Here is the problem I have with the idea of a "fallen world” [a “fallen humanity”]; it does not express the reality God, it can't. It can only express evil. In that, the reality of evil, because it is evil, can not express the reality of God. If the world is fallen, then the 15yr old I saw give her food to a homeless man did it for some other reason than to share her food with someone in need. if the world is fallen, then the 90yr old women taking in aids babies is doing it for more than the love of the child and the care of those in need. If the world is fallen, we must have an alternative reason, or desire, for helping people other than helping people. If the world is fallen, God can not be in the world, because [as traditional theology teaches] God can not be in the fallen/evil.

If we live in a fallen world, and we are never “outside” that world, "redemption" can only truly happen after this world - and with that thought, "the kingdom of God" can not be "here and now" - and I believe that the kingdom of God is here and now. When we think of a "fallen world" we can not express the salvation offered in Christ, because we always turn back to the fall and not the resurrection. We are stuck in the words and reality of “the fallen” and are unable to speak the words of salvation. I can not live in the fall, it is too negative, and I need to life in the resurrection, the light of Christ; and it is a place where [as Paul puts it] I “moved out from.”

When ever I hear terms like "original sin," “fallen humanity” and "the fallen world" it is seldom accompanied with the idea that salvation is here, now - but that it comes at another time. No matter the statements, when we start with the fall we never pick ourselves up, we are “always fallen.” We always see the worse in people and we never see the possibility that Christianity can truly change a life. When we center our theology on “the fallen world” we find the drug addicts, the prostitutes, the criminal, and the “ugly” and we never see in them the possibility of salvation. We seek to punish those who do wrong, and justify that punishment via law, and we never see the power and love of grace. We do not move forward in Christ, because we use the excuse of being a fallen people to hold us back. We think in terms of what we can not do, because of the fall, and not on what we can do because of the resurrection.

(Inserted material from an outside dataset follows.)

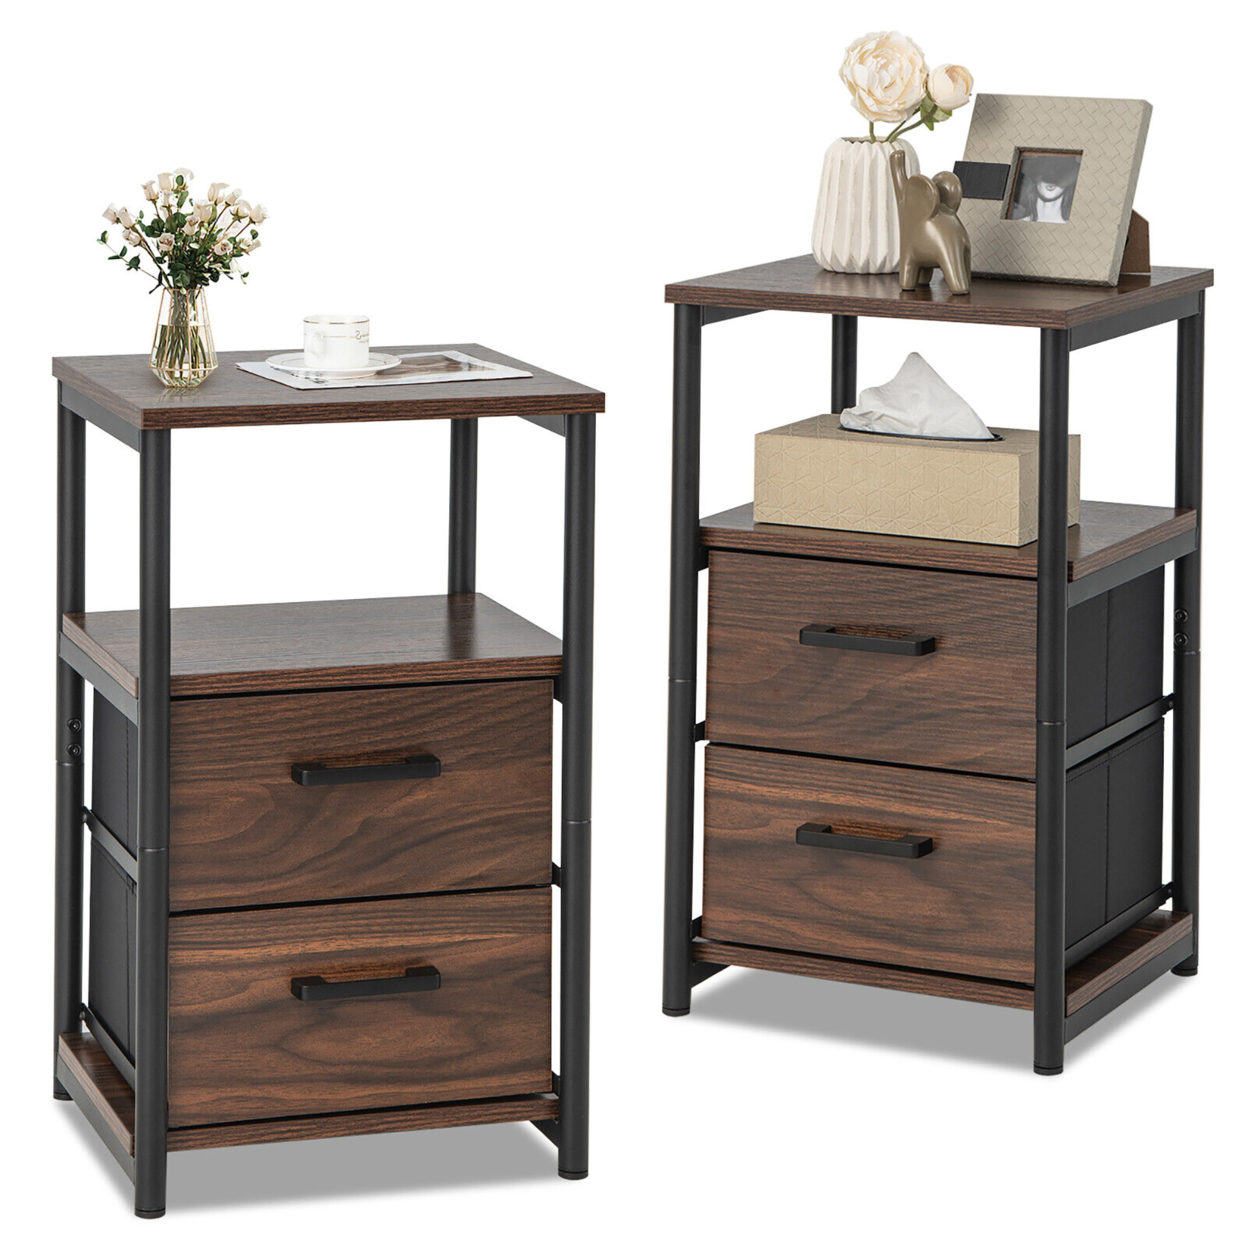 2PCS Nightstand Bedside End Table With 2 Fabric Drawers & Storage Shelf

I firmly believe we need to get past this idea of a "fallen world" and move to the idea that we are a people living in a new land, a land of Christ. I see it all the time in talking with those who have "come from church." When questioned as to why the church hurts its own, we are told that we do not move forward in out faith, because we are fallen; people in church treat you poorly, because we are fallen; people in the church talk and gossip, because we are fallen - yet, all those are not what we are told to be in scripture. When I hear "we are fallen" from church people, I wonder if they truly understand the Christian walk. Yet, in that the misguided theology of the fall, we forget that as a believer in Christ, we are made new, and in that we must act anew – not fallen, but resurrected.